« Connaître sert beaucoup pour inventer. » (Mme de Staël)

Mode et beauté

   La Marchande de mode (Boucher)

   Inutile d'épiloguer longuement sur la notion de beauté, toute relative : les belles femmes du siècle des Lumières nous paraîtraient aujourd'hui fort étranges. Et trop grasses, sans doute ! Ne nous fions pas aux tableaux qui idéalisent leurs modèles.

   Toutefois, aujourd'hui comme hier, les femmes cherchent à s'embellir. Mystère de la nature féminine ? Il faut plaire à tout prix !

   Rappelons ici l'universel Shakespeare : « L'on m'a dit que vous vous fardiez. Fort bien ! Dieu vous a donné un visage, et vous vous en fabriquez un autre. » (Hamlet)

   Et cet extrait de l'article « Beau » de Voltaire dans son Dictionnaire philosophique : « Demandez à un crapaud ce qu'est le Beau : il vous répondra que c'est sa crapaude ; demandez à un noir de Guinée ; il vous répondra que c'est une bouche lippue, une chevelure crépue, une peau huileuse. [...] Demandez à un philosophe : il vous répondra : un galimatias ! »

   Ceci dit, comment faire pour être « à la mode » en ces temps lointains où l'on portait perruque et où le rouge défigurait les visages déjà plâtrés de blanc de céruse ?

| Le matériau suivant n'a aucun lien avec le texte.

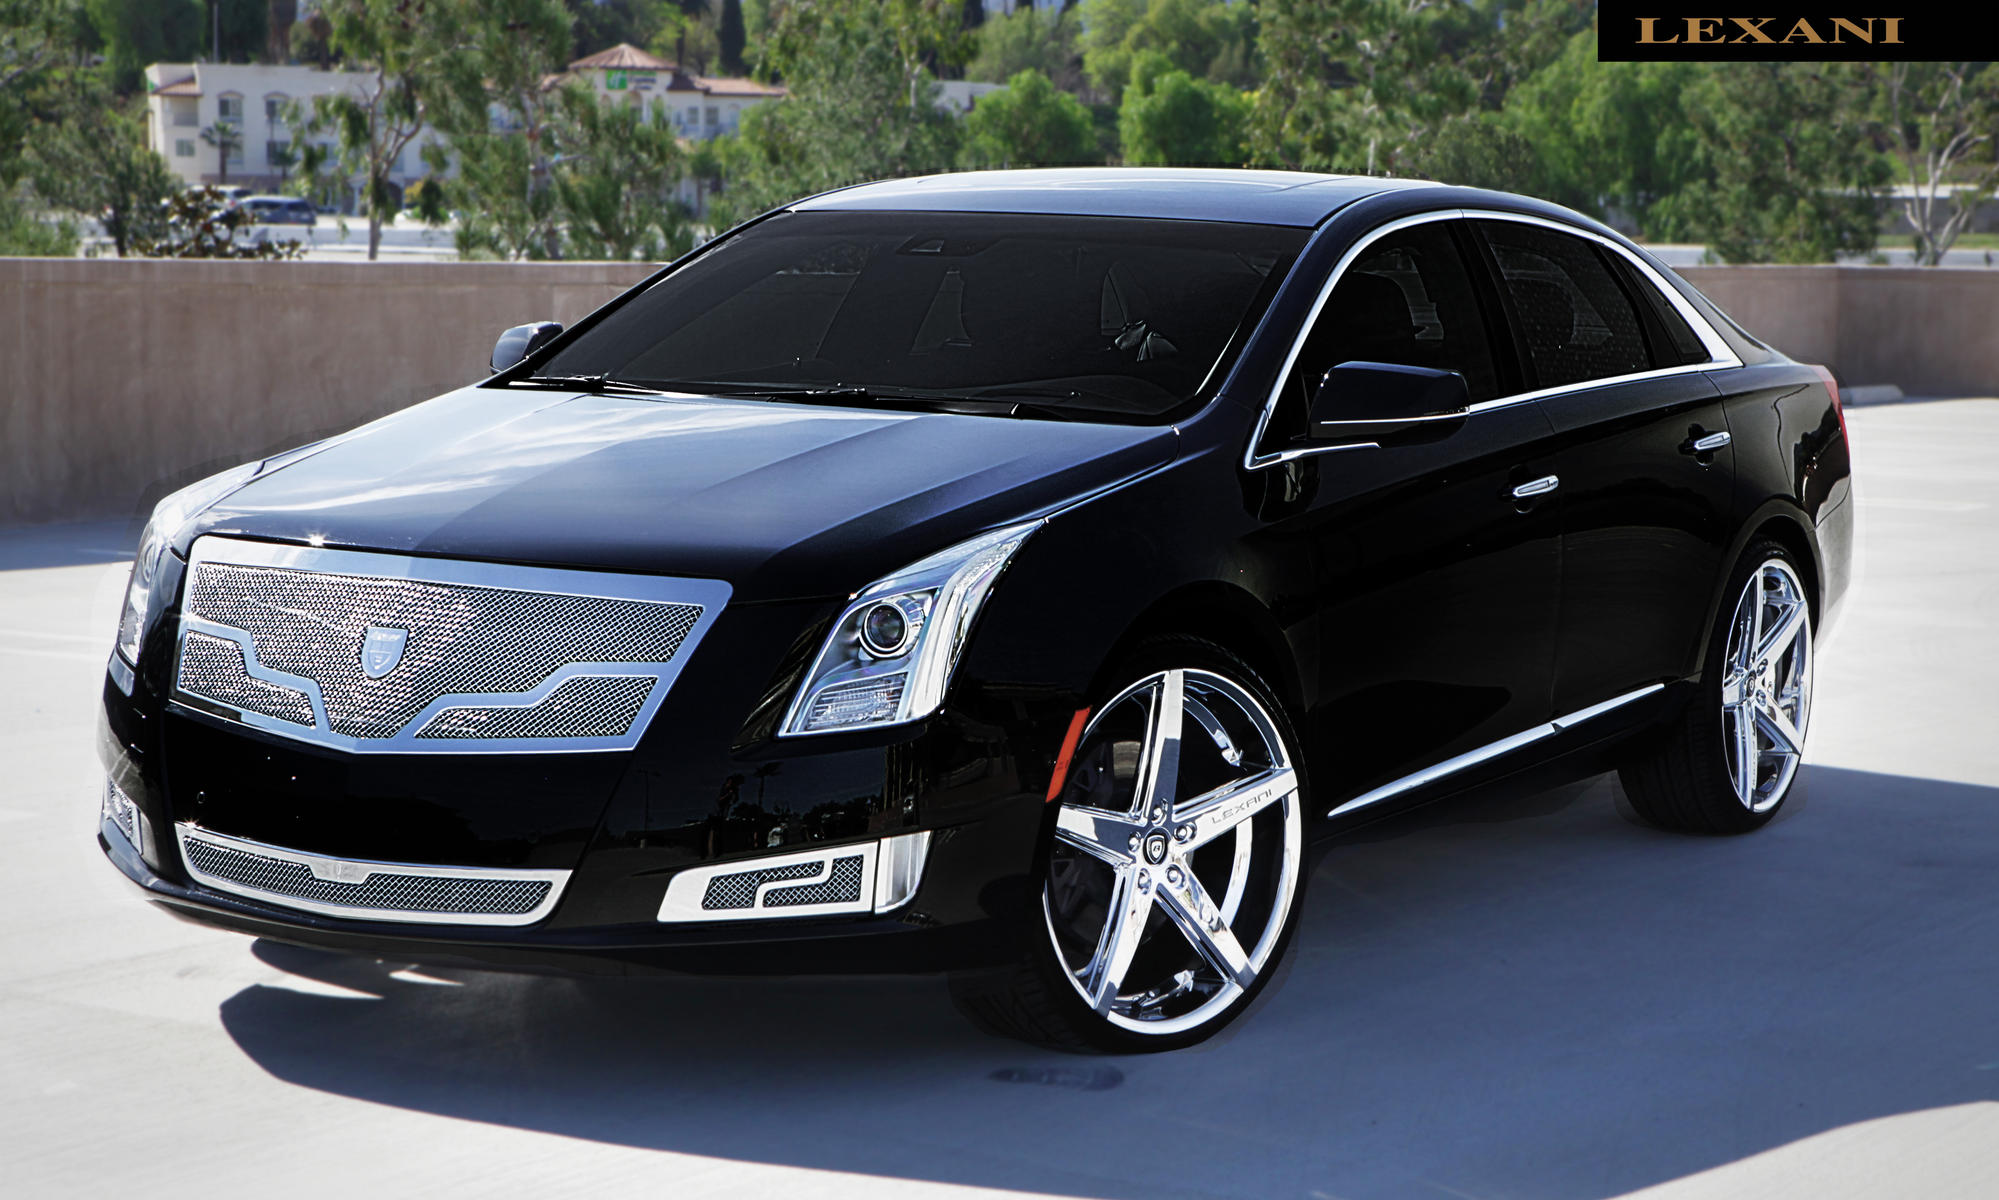 Amazing Cadillac XTS Pictures & Backgrounds

   La mode peut être sotte, ridicule et ne durer que huit jours. Ce n'est pas là-dessus qu'on la juge. Il importe qu'il y ait en revanche renouvellement constant. Sans nouveauté, point de succès véritable. Sébastien Mercier nous dit : « Les mets, les robes, les lectures doivent avoir les grâces de la fraîcheur. Un nouvel opéra, une actrice nouvelle, et une manière nouvelle de se friser, voilà ce qui bouleverse les esprits. » Et il constate, indigné, que le Journal des modes a plus de lecteurs que le Journal des savants.

   Comme dit Carlo Goldoni, « La mode a toujours été le mobile des Français et ce sont eux qui donnent le ton à l'Europe entière. »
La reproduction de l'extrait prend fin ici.